初めて頼んだのだろう。出てきたケーキに「栗じゃないんですか?」と店員に尋ねている。
「小樽のモンブランはこれです。いかがいなさいますか?」と返す会話はよく耳にする光景だ。

小樽でモンブランが生まれたのは昭和3年といわれている。洋菓子の修行に佐賀から東京の洋菓子店不二家へ修行に出た米華堂初代八木清が外国人のパティシエの下で技術を磨き、自分のお店を持つため小樽へ渡り、店の看板として編み出したのがこのモンブラン。

ココアスポンジに生クリームをサンドして、表面を生クリームで包み、削りチョコで岩肌をあしらい、三角の形に仕上げる。
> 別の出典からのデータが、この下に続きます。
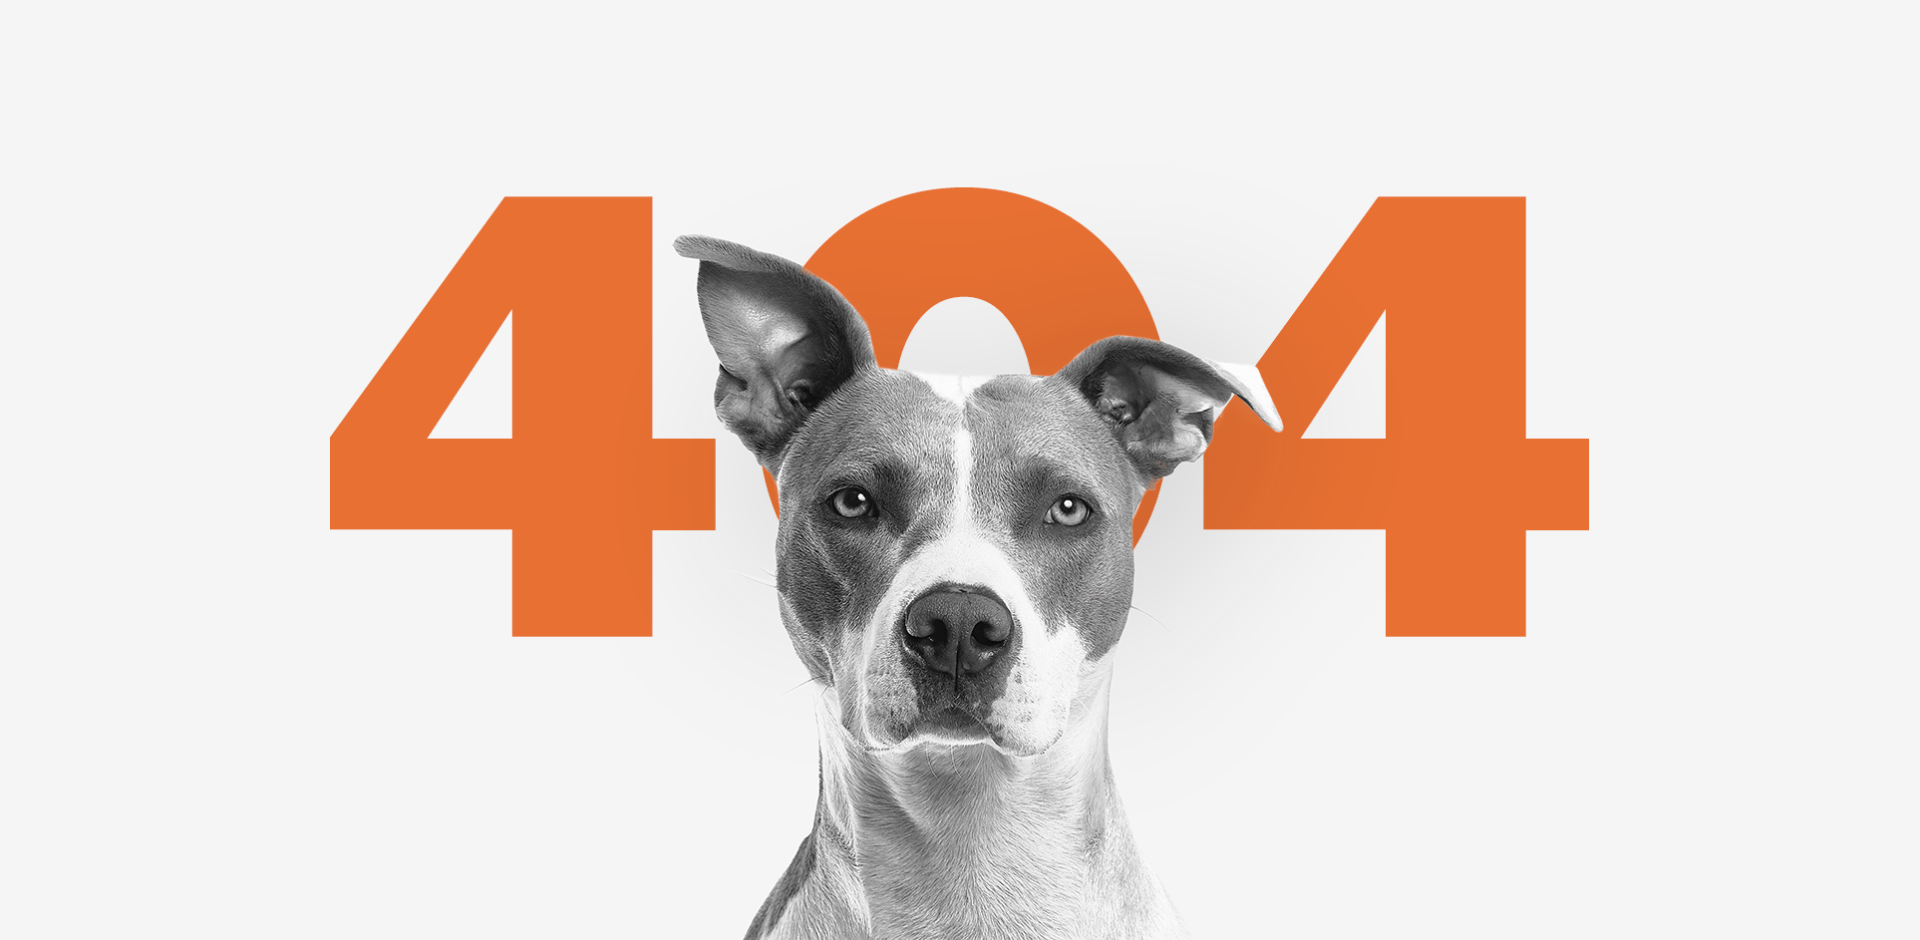 Voor het nummer 404 zit een hond.

モンブランの別名は「白い山」。

一般に知られているモンブランは栗のペーストをモンブラン絞りの押し型で上から絞っていくケーキ、どちらも昭和の初めに生まれたケーキだ。

八木清はこのケーキを看板として持ち込もうとしたが、小樽で良質の洋菓子に使う栗が手に入らなかった。北海道で初めて洋菓子店としてオープンさせるには、東京不二家洋菓子販売兼パーラーの形式だけではインパクトがない、看板として悩んだ末の考案だと代々伝えられている。

小樽で洋菓子がポピュラーになったのは、戦後である。あまとう、館、松月堂、花月堂にもモンブランが並ぶようになった。地元ならではのケーキとして浸透し、親しまれている。

余談であるが、小樽の地元でケーキ屋を開いた店やその店で修業したケーキ屋にはこの地元モンブランが並んでいる。花月堂と松月堂、あまとうと館とパールマリーブ、米華堂と岸洋菓子店などがそれぞれ子弟、親族関係となっており、独立するときに引き継がれたのだろう。

米華堂は2021年4月1日昭和3年から続いた93年の歴史に幕を下ろした。
「小樽の街に根付いた洋菓子の文化とこのモンブランはこれからも小樽の街に残っていく。継承されていくものをこの街に残せたこと、これからも洋菓子文化が続いていくことを願っている」と3代目八木浩司の言葉。

三角の山の形のモンブランはもうないけれど、ココアスポンジに生クリームに削りチョコの味はこの街にしっかり残っている。北海道が開拓されて150年余り、小樽に根付いた洋菓子の歴史は94年、歴史的建造物だけでなく無形文化も私たちに受け継がれていくだろう。